List1.1: Pseudocode for parallel processing

for(i=0;i<N;i++){ 
	resultA	= task_a(i); 
	resultB	= task_b(i);
	resultC	= task_c(i);
	resultD	= task_d(i); 
	resultAll	+= resultA + resultB + resultC + resultD; 
}

Executing the above code on a single-core, single-CPU processor (SISD system), the 4 tasks would be run sequentially in the order task_a, task_b, task_c, task_d, and the returned values are then summed up. This is then repeated N times, incrementing i after each iteration. This type of method is called Sequential processing. Running the code with N=4 is shown on the left hand side of Figure 1.3.

This type of code can benefit from parallelization. If this code is compiled without adding any options for optimization on a Dual Core system, the program would run sequentially on one core. In this scenario, the other core has nothing to do, so it becomes idle. This is clearly inefficient, so the intuitive thing to do here is to split the task into 2 subtasks, and run each subtasks on each core. This is the basis of parallel programming. As shown on Figure 1.3, the task is split up into 2 such that each subtask runs the loop N/2 times, and then performs addition at the end.

Figure 1.3: Parallel processing example

For actual implementation of parallel programs, it is necessary to follow the following steps.

1. Analyze the dependency within the data structures or within the processes, etc, in order to decide which sections can be executed in parallel.

2. Decide on the best algorithm to execute the code over multiple processors

3. Rewrite code using frameworks such as Message Passing Interface (MPI), OpenMP, or OpenCL.

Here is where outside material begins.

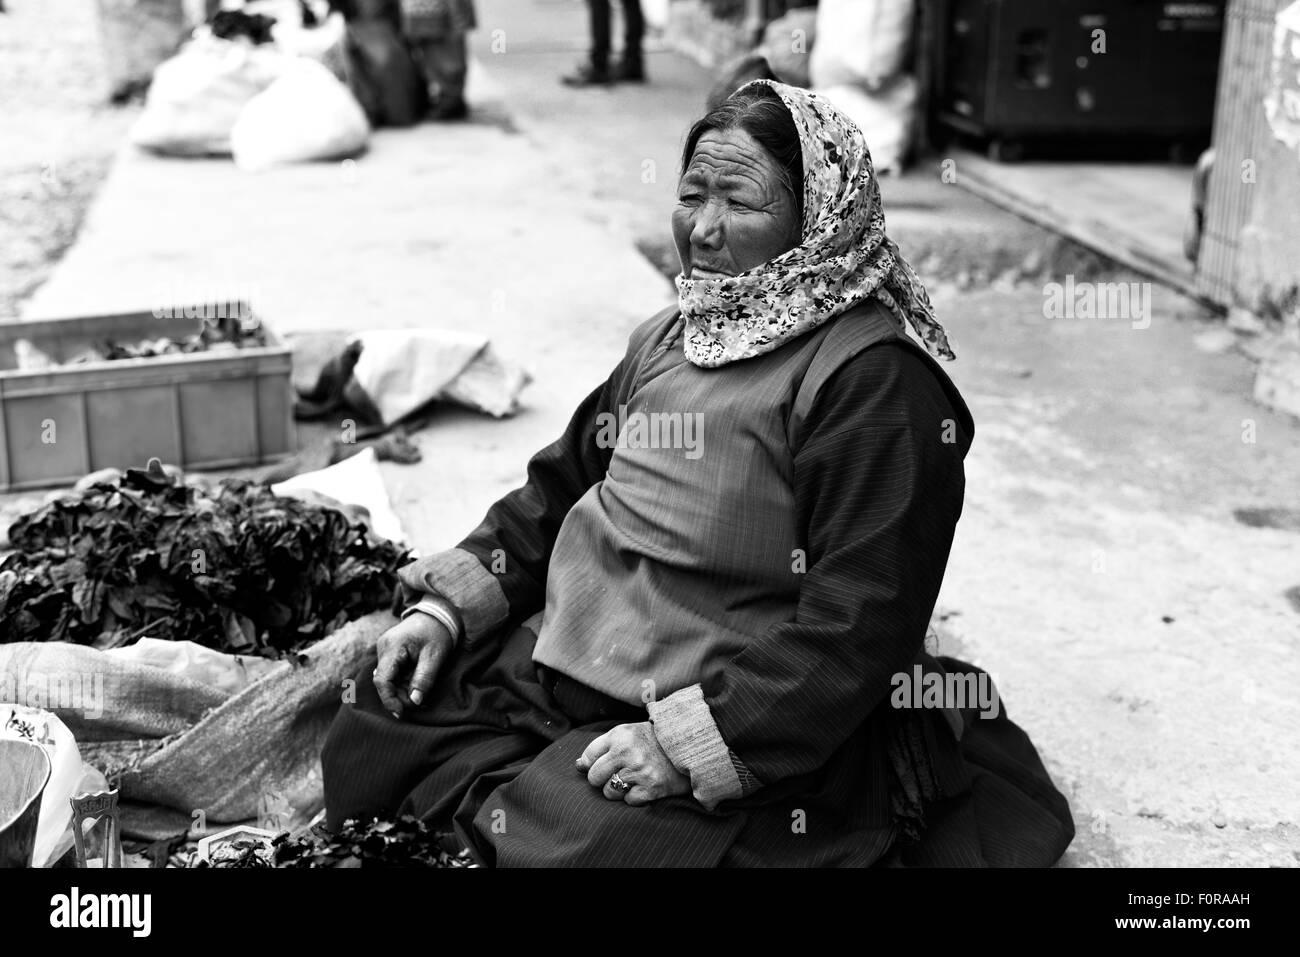 India Jammu Kashmir Ladakh A woman at the market - Stock Image

In the past, these skills were required only by a handful of engineers, but since multi-core processors are becoming more common, the use of these distributed processing techniques are becoming more necessary. The following sections will introduce basic concepts required to implement parallel processes.

Where to Parallelize?

During the planning phase of parallel programs, certain existing laws must be taken into account. The first law states that if a program spends y% of the time running code that cannot be executed in parallel, the expected speed up from parallelizing is at best a 1/y fold improvement. The law can be proven as follows. Assume Ts to represent the time required to run the portion of the code that cannot be parallelized, and Tp to represent the time required to run the portion of the code that can benefit from parallelization. Running the program with 1 processor, the processing time is:

T(1) = Ts + Tp

The processing time when using N processors is:

T(N) = Ts + Tp/N

Using y to represent the proportion of the time spent running code that cannot be parallelized, the speedup S achieved is:

S = T(1)/T(N) = T(1)/(Ts + Tp/N) = 1/(y+(1-y)/N)

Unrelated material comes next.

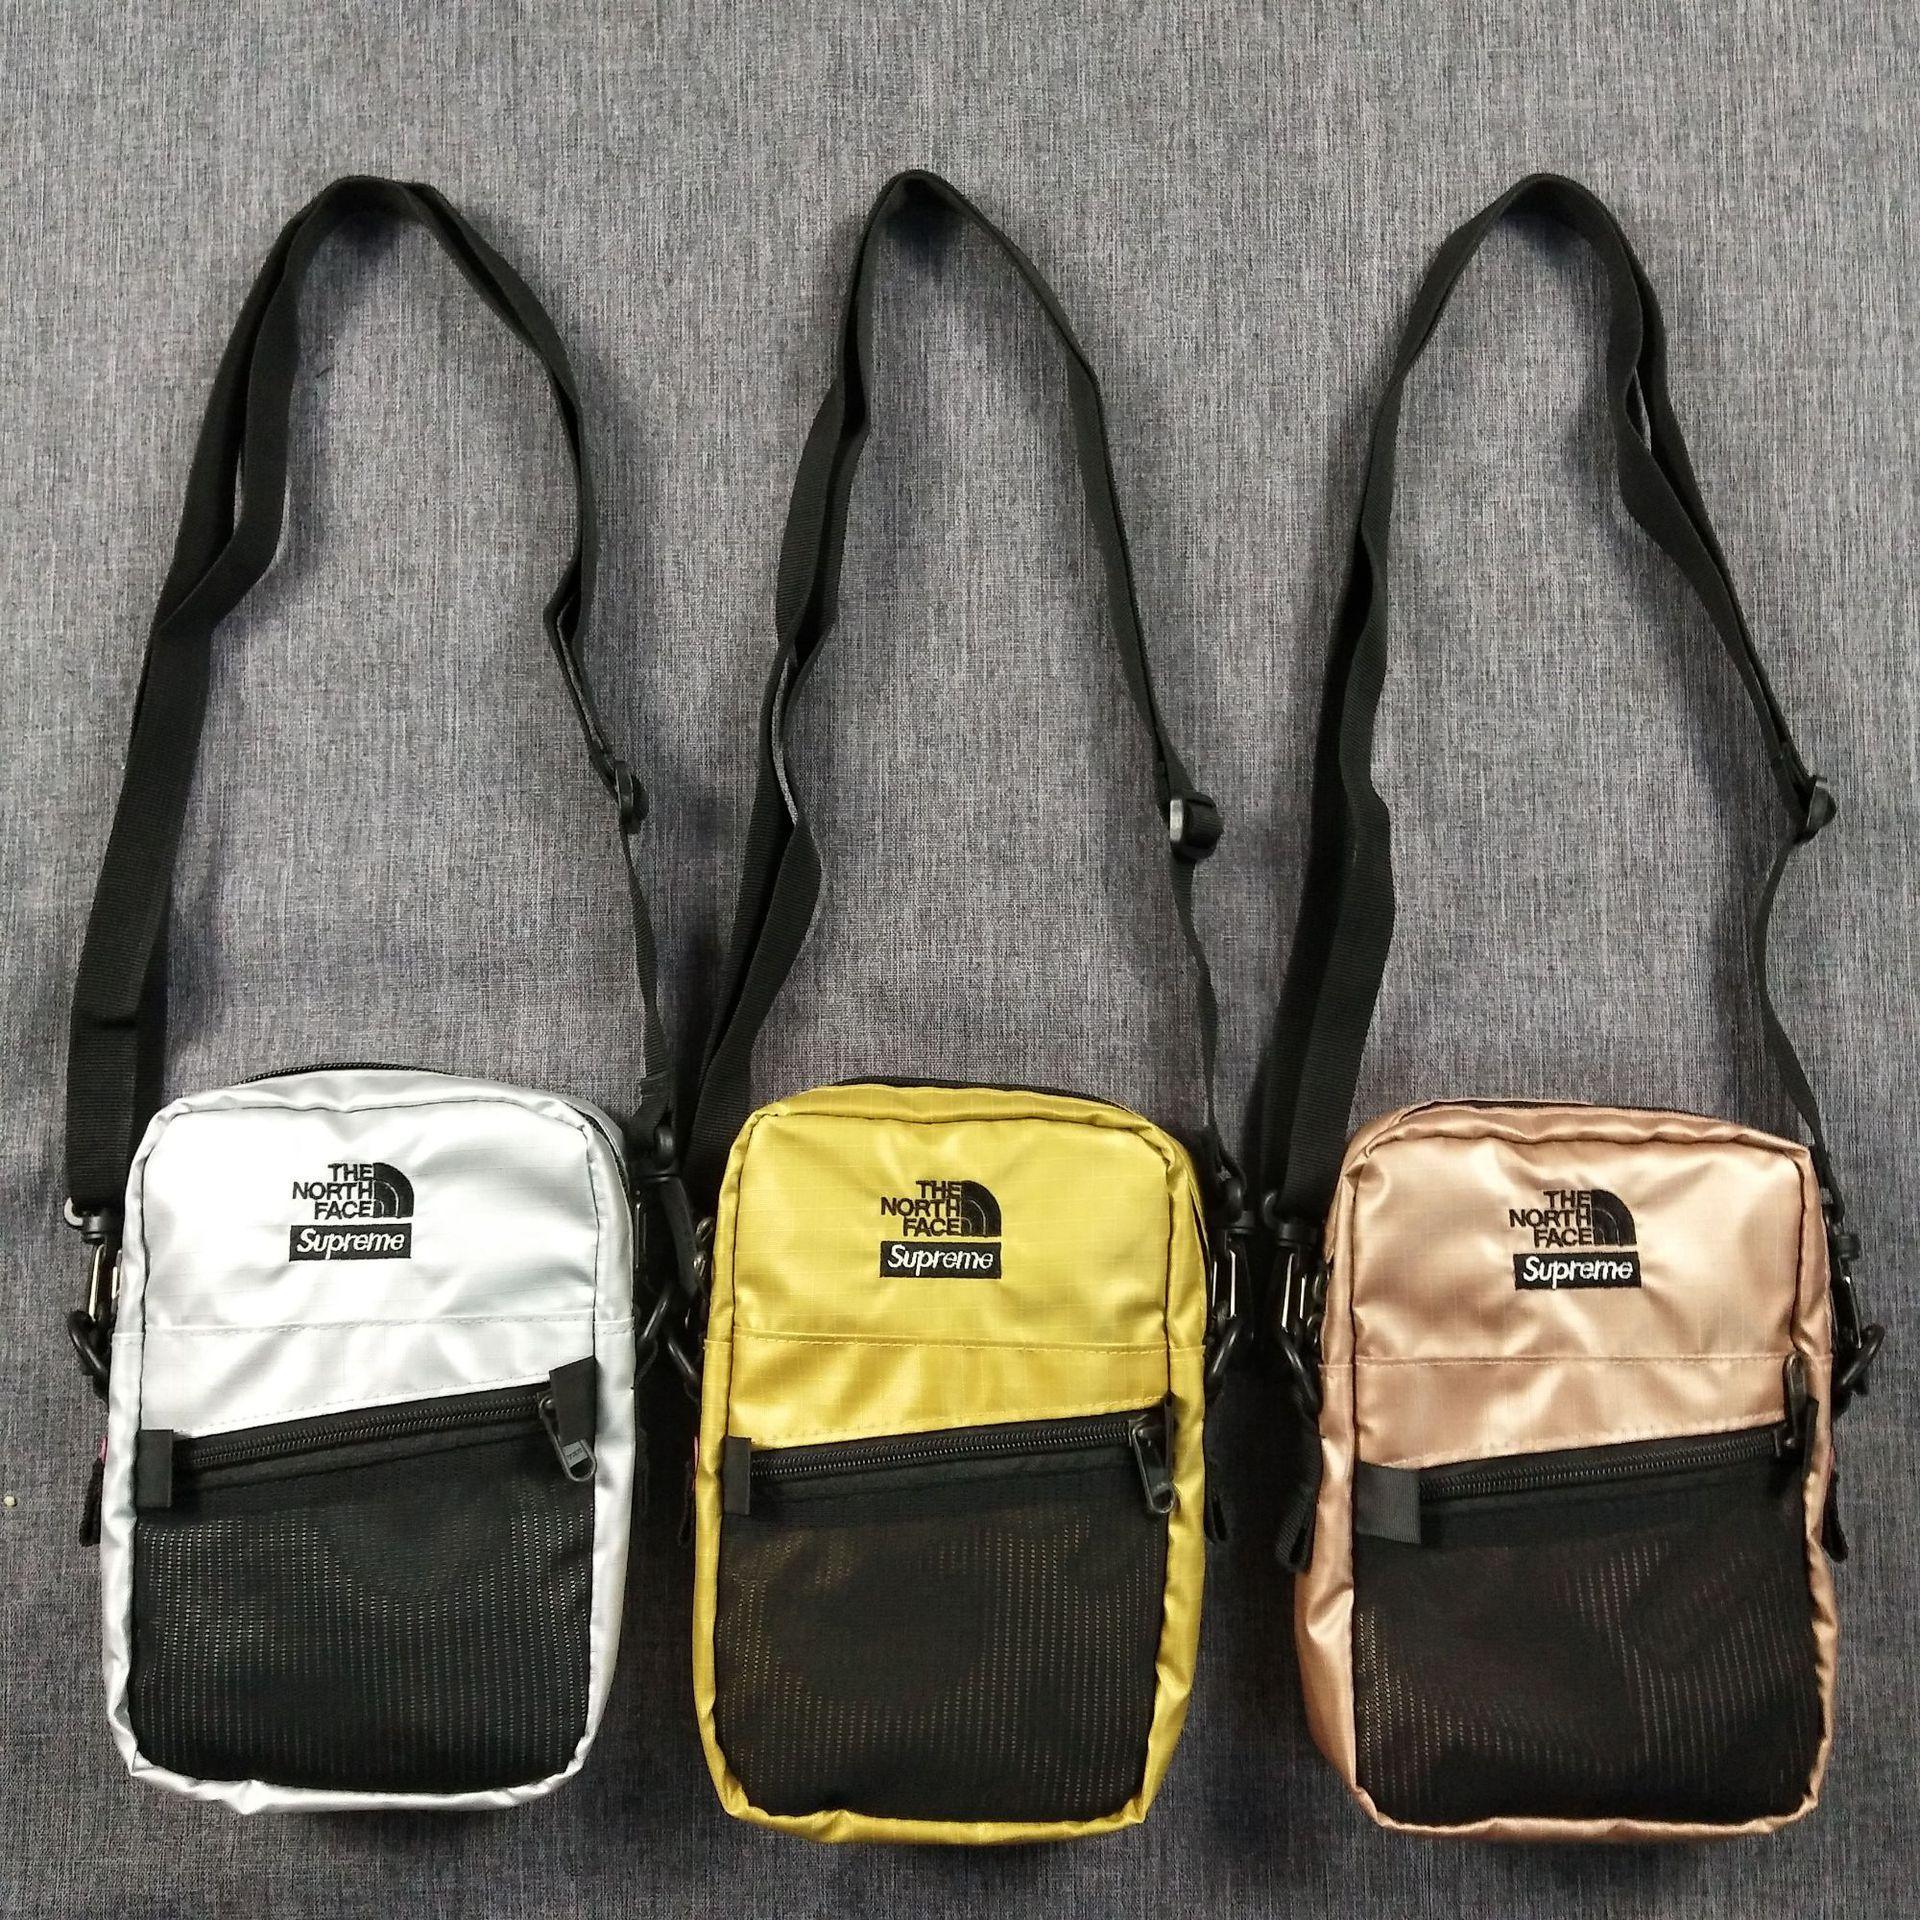 Supreme-x-The-North-face-metallic-gold-shoulder-bag     Supreme-x-The-North-face-metallic-gold-shoulder-bag  Details about  Supreme x The North face metallic gold shoulder bag

Taking the limit as N goes to infinity, the most speedup that can be achieved is S=1/y. This law is known as Amdahl's Law [6].

For a more concrete example, assume that a sequential code is being rewritten to run on a Quad Core CPU. Ideally, a 4-time speedup is achieved. However, as the law states, the speedup is limited by the portion of the code that must be run sequentially. Figure 1.4 shows the 2 cases where the proportion of the code that cannot be run in parallel (y) is 10%, and 50%. Even without taking overhead into account, the figure shows a difference of 3x and 1.3x speedup depending on y.

Figure 1.4: Amdahl's Law Example

This problem becomes striking as the number of processors is increased. For a common 2-way server that uses Intel's Xeon 5500 Series CPUs which supports hyper-threading, the OS sees 16 cores. GPUs such as NVIDIA's Tesla can have more 200 cores. Figure 1.5 shows the speedup achieved as a function of the sequentially processed percentage y and the number of cores. The graph clearly shows the importance of reducing the amount of sequentially processed portions, especially as the number of cores is increased. This also implies that the effort used for parallelizing a portion of the code that does not take up a good portion of the whole process may be in vain. In summary, it is more important to reduce serially processed portions rather than parallelizing a small chunk of the code.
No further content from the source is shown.